College of Science and Health Theses and Dissertations

Date of Award

Spring 6-14-2024

Degree Type

Thesis

Degree Name

Master of Science (MS)

Department

Physics

First Advisor

Eric Landahl, PhD

Second Advisor

Chris Goedde, PhD

Third Advisor

Gabriela B. Gonzalez Aviles, PhD

Abstract

The dorsal spine of the spiny dogfish, Squalus acanthias, has been used for age determination of individual specimens since the 1930s. Scientific literature regarding the dorsal spine has to date always referred to it as having an enamel exterior, with a dentin interior surrounding a central pulp cavity. This is similar to the structure observed in a human tooth.

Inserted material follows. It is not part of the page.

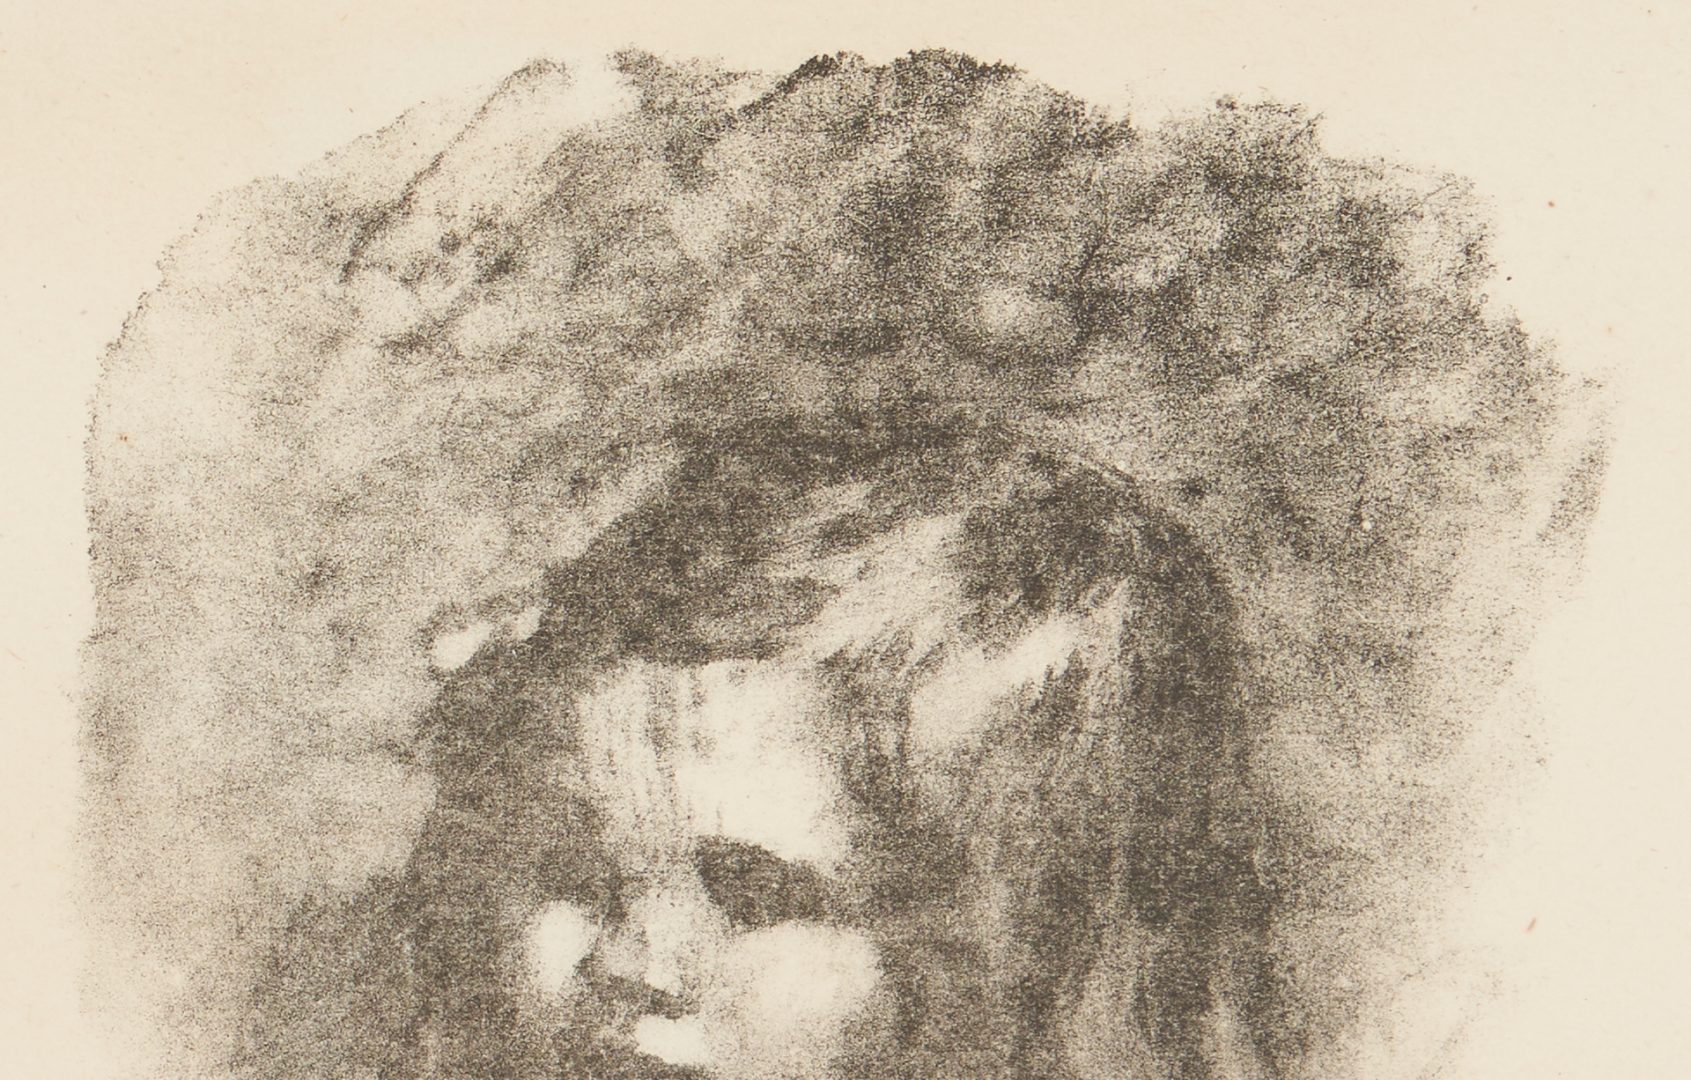 Lot 459: 2 Lithographs, Pierre-Auguste Renoir & Jules Pascin

The dorsal spine is composed of cartilage-based tissue that contains bioapatite. Bioapatite is a mixture of hydroxyapatite, Ca10(PO4)6(OH)2 (a calcium salt of phosphoric acid), and other biological material, e.g. calcium carbonate, CaCO3. Micro-computed tomographic (micro-CT) reconstruction using diffracted wide-angle X-ray scattering (WAXS) data and Rietveld refinement were used to study the 3D crystallography of the bioapatite within the dorsal spine of a closely related species, the Pacific spiny dogfish, Squalus suckleyi. Specifically, in light of prior claims made in the scientific literature regarding the composition of the dorsal spine, we are interested in the lattice parameter values, their distribution throughout the dorsal spine, and the corresponding crystallite size of the hydroxyapatite present therein.

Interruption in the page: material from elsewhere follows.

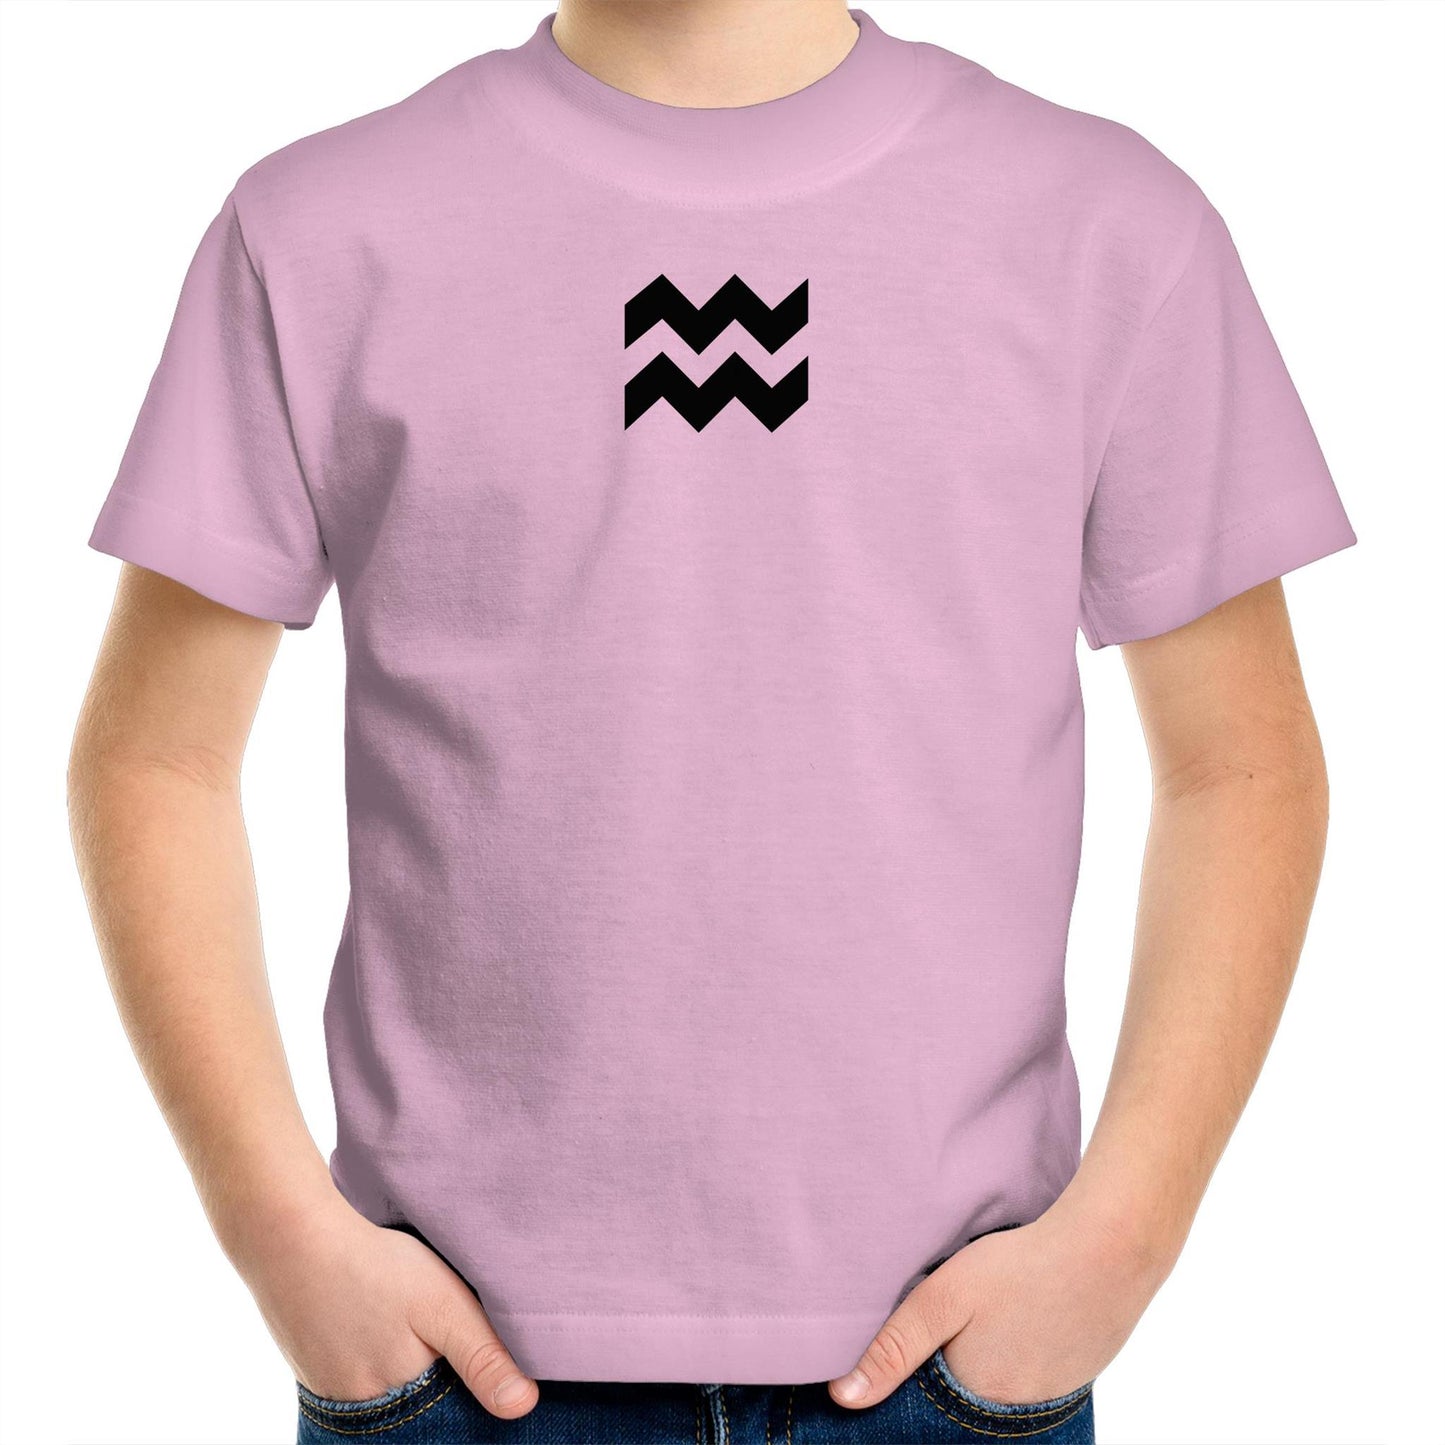 Aquarius T Shirts for Kids

Data collected from eight transverse layers of the dorsal spine sample were used to create 2D maps of the voxels (volume elements) within each layer. For each voxel, a 1D X-ray diffraction (XRD) pattern was obtained. The Rietveld refinement method was then applied to each 1D XRD pattern to obtain values for the crystal lattice parameters of the bioapatite therein. The Scherrer equation, along with the Williamson-Hall model, were then used to determine bioapatite crystallite sizes from both the full-width half maximum (FWHM) and Bragg angle data of the resulting peaks within the 1D XRD patterns.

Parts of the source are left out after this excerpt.